— Given material —
-.-.-
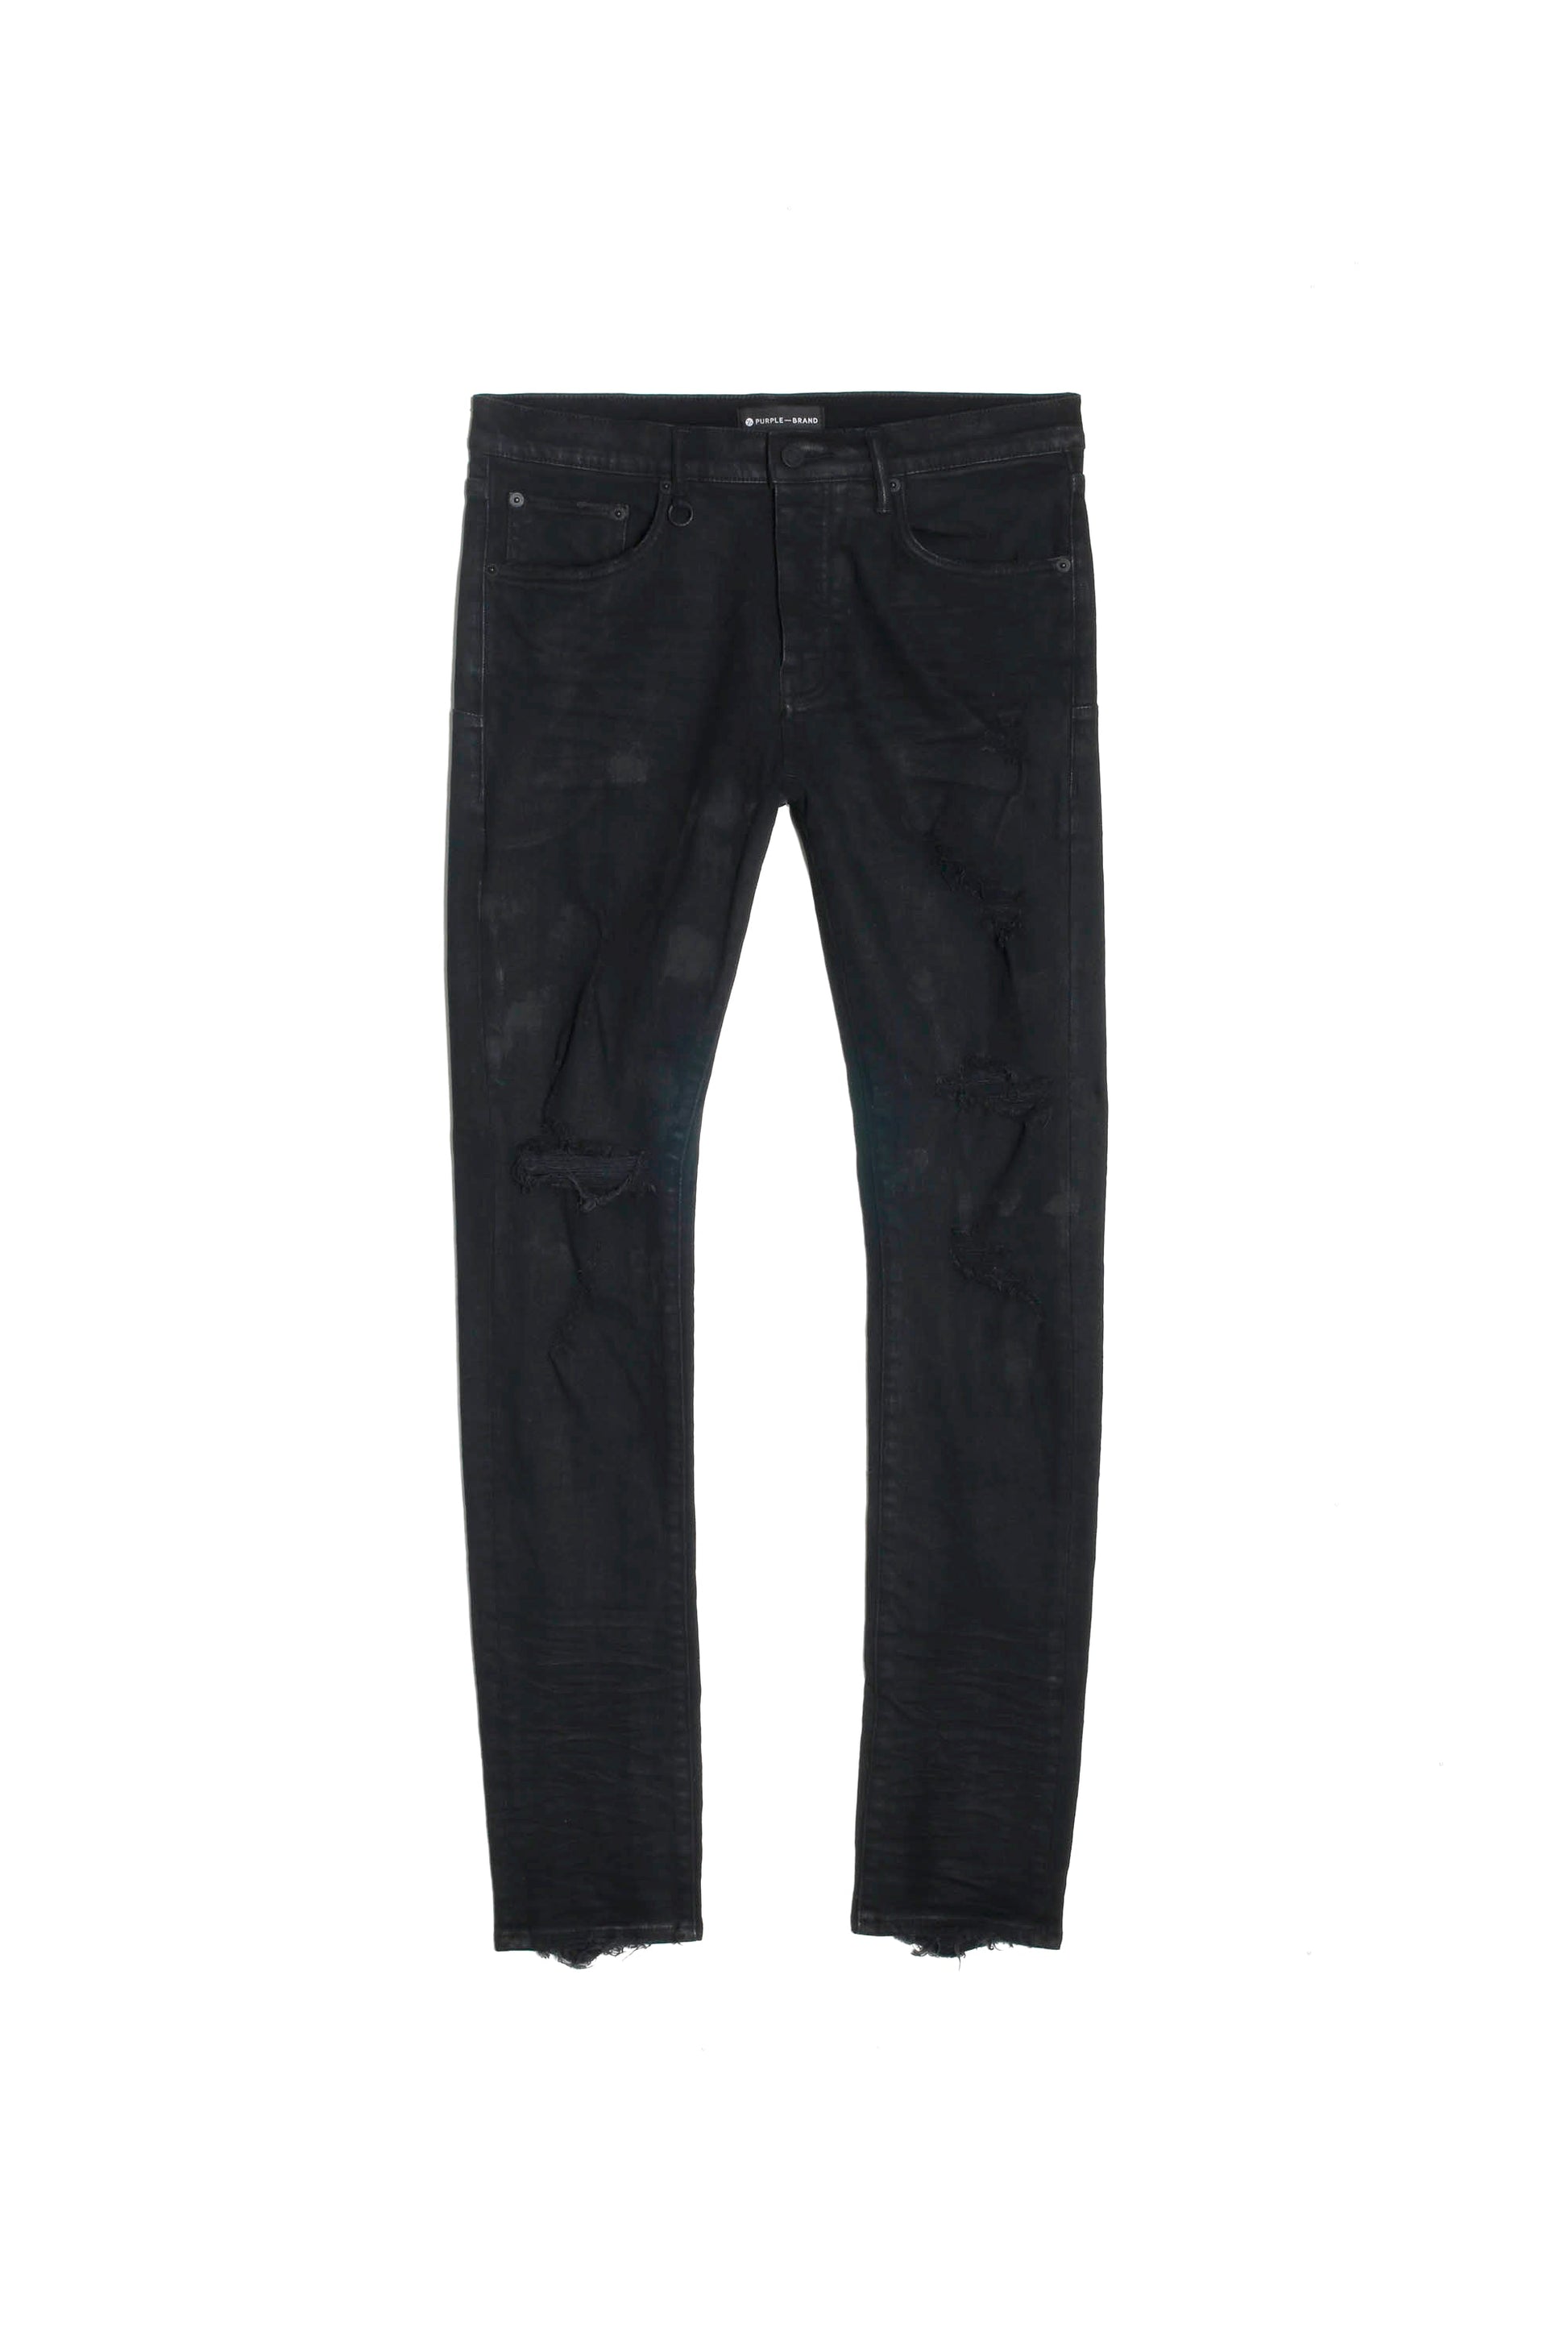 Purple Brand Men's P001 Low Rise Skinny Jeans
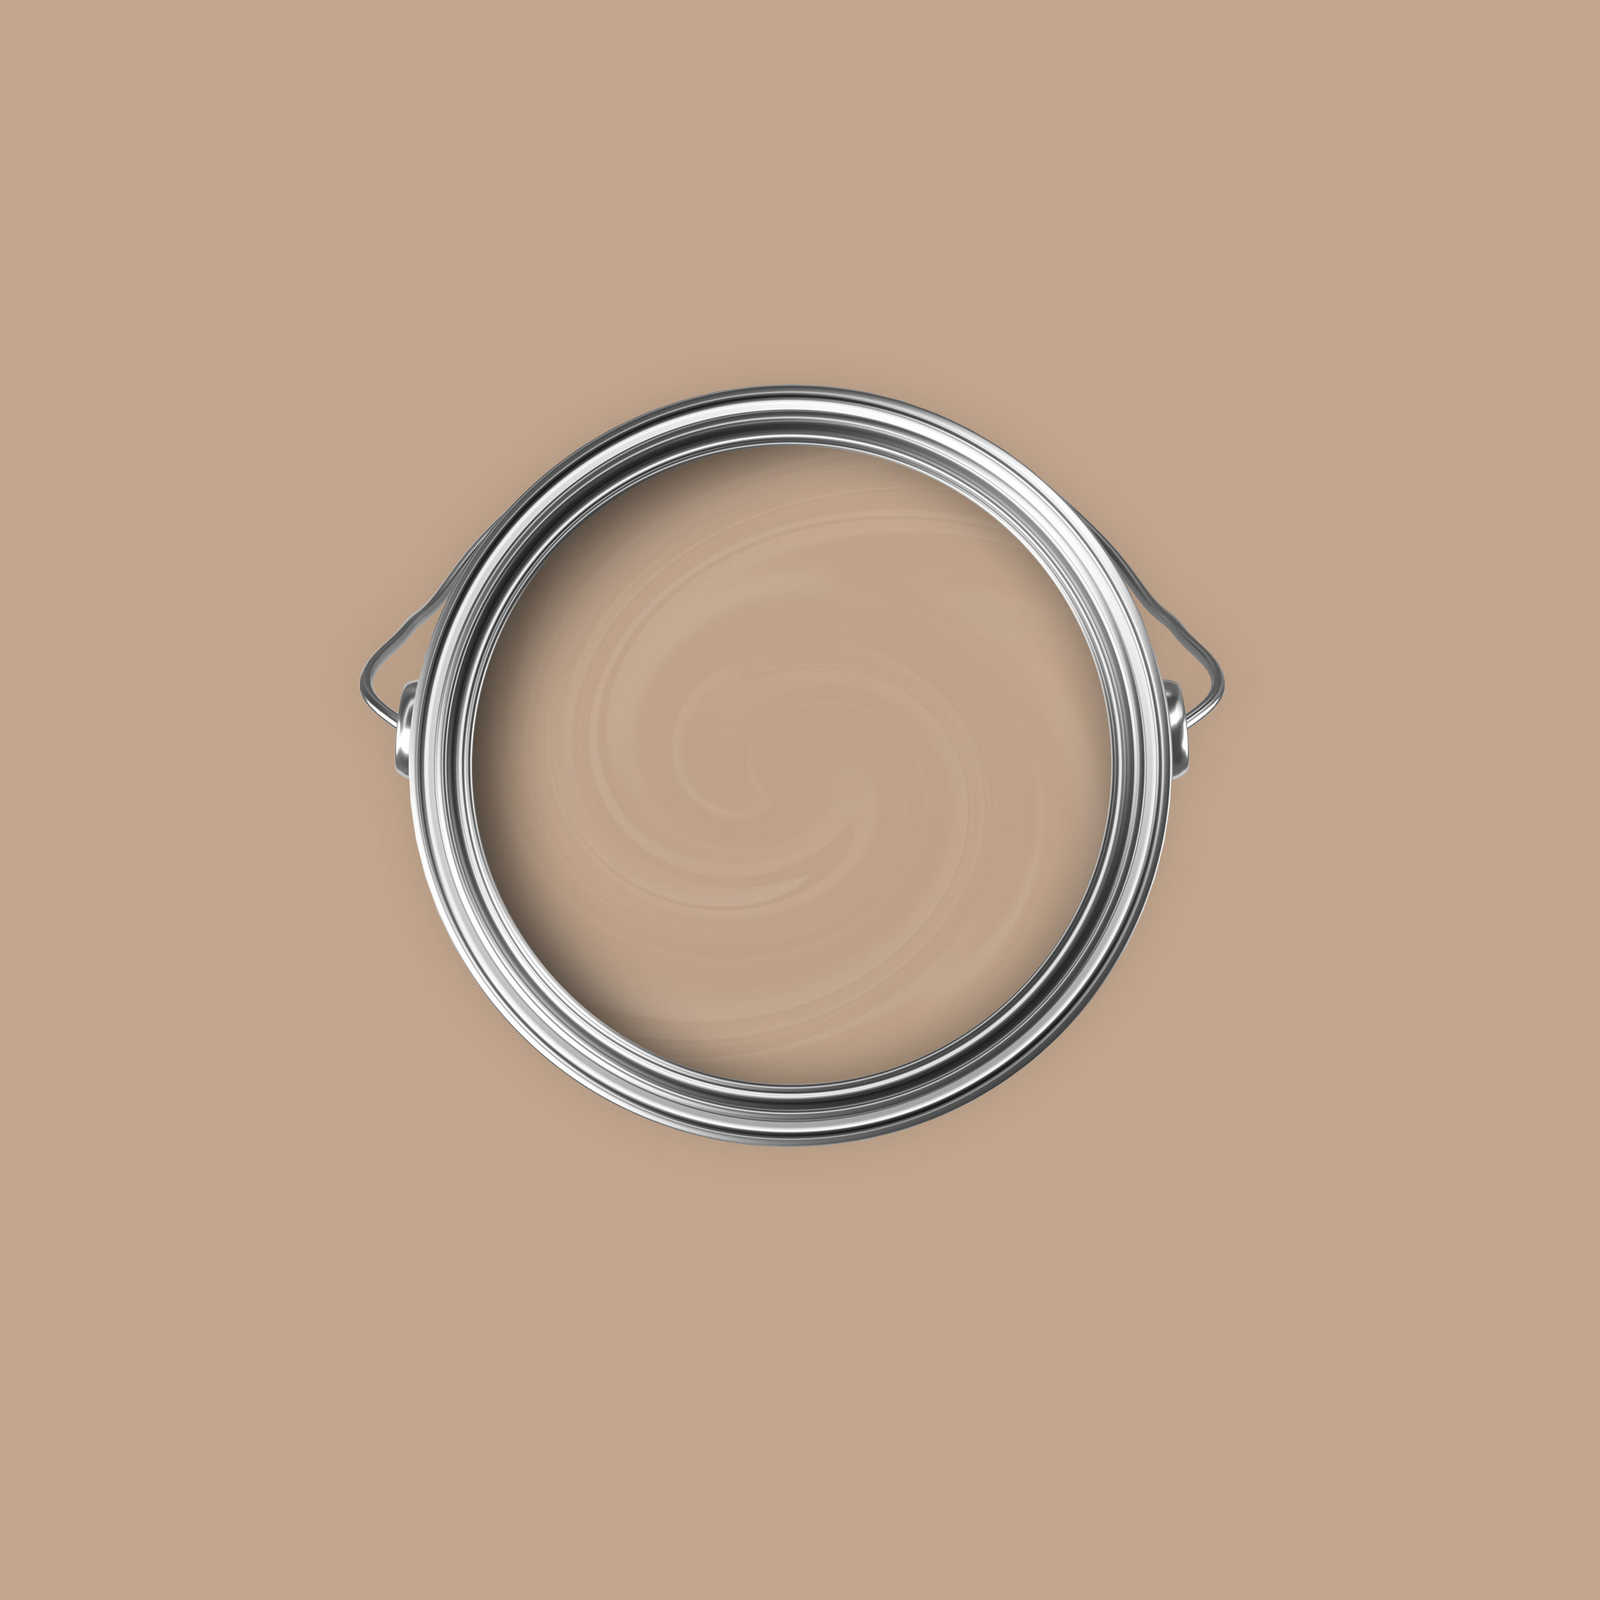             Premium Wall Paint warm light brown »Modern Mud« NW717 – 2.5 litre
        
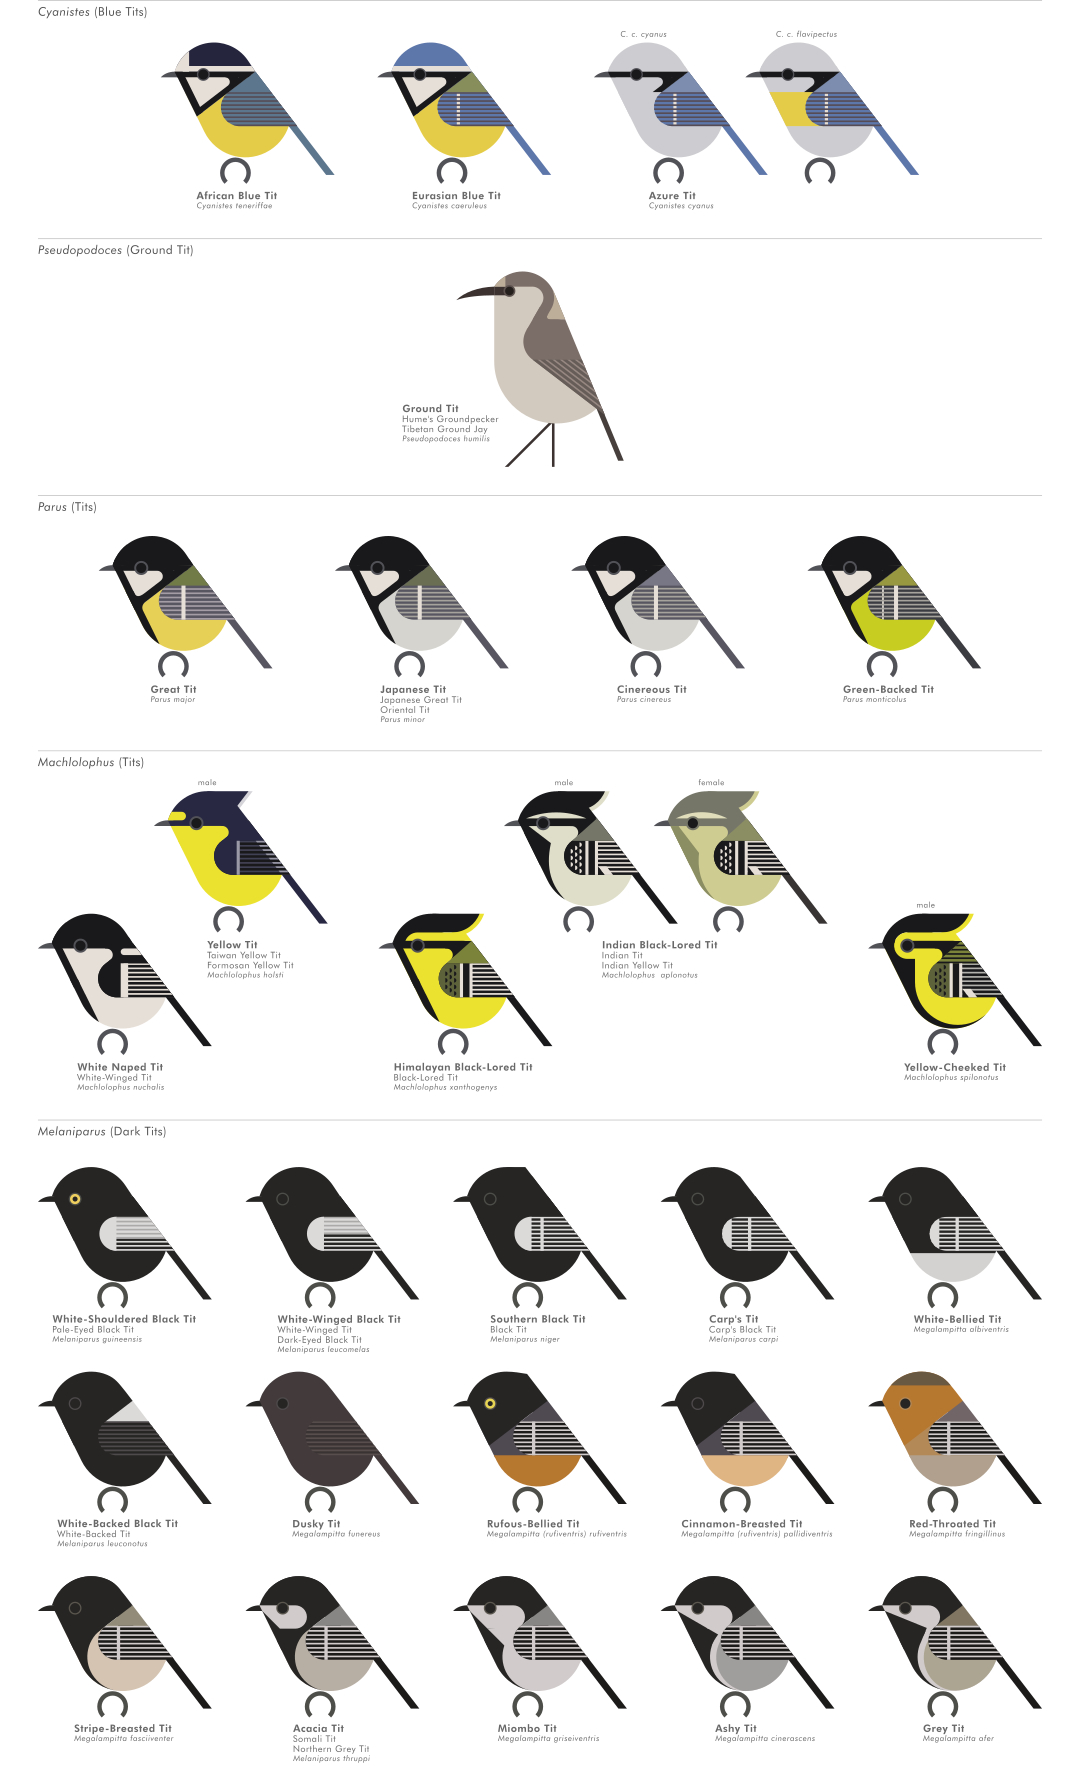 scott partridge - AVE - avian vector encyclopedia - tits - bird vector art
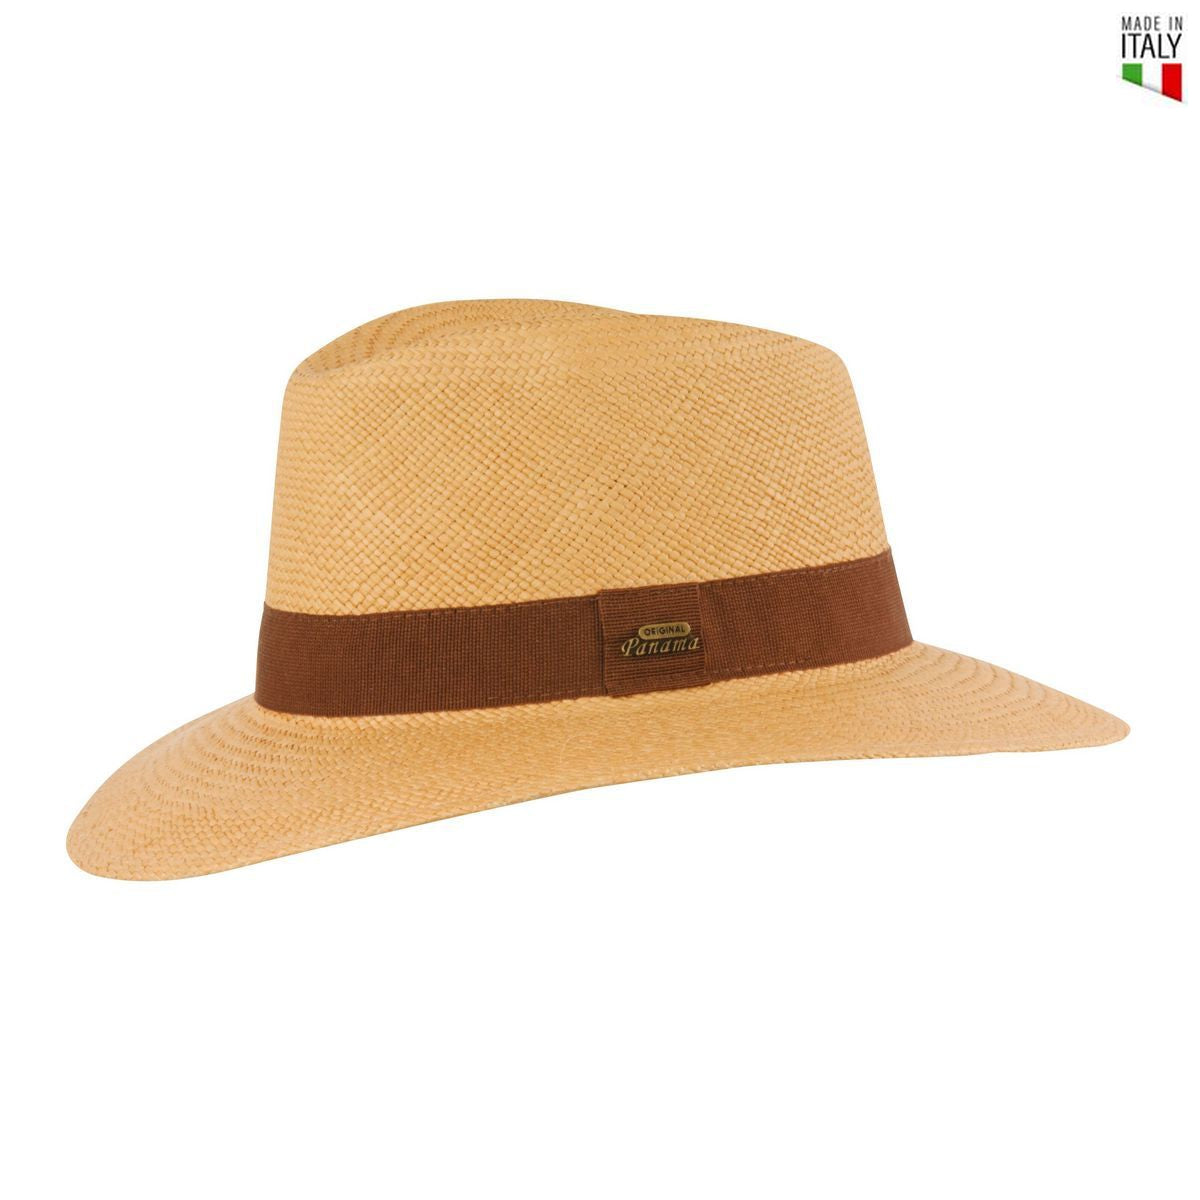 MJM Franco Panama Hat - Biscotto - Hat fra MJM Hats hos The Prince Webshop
-.-.-
— Exercise details —
Only the lines from the one containing "Premium Wall Paint" through the final line of the material should appear in the answer, copied exactly and without any picture.

— Your response —
             Premium Wall Paint warm light brown »Modern Mud« NW717 – 2.5 litre
        
 scott partridge - AVE - avian vector encyclopedia - tits - bird vector art
 MJM Franco Panama Hat - Biscotto - Hat fra MJM Hats hos The Prince Webshop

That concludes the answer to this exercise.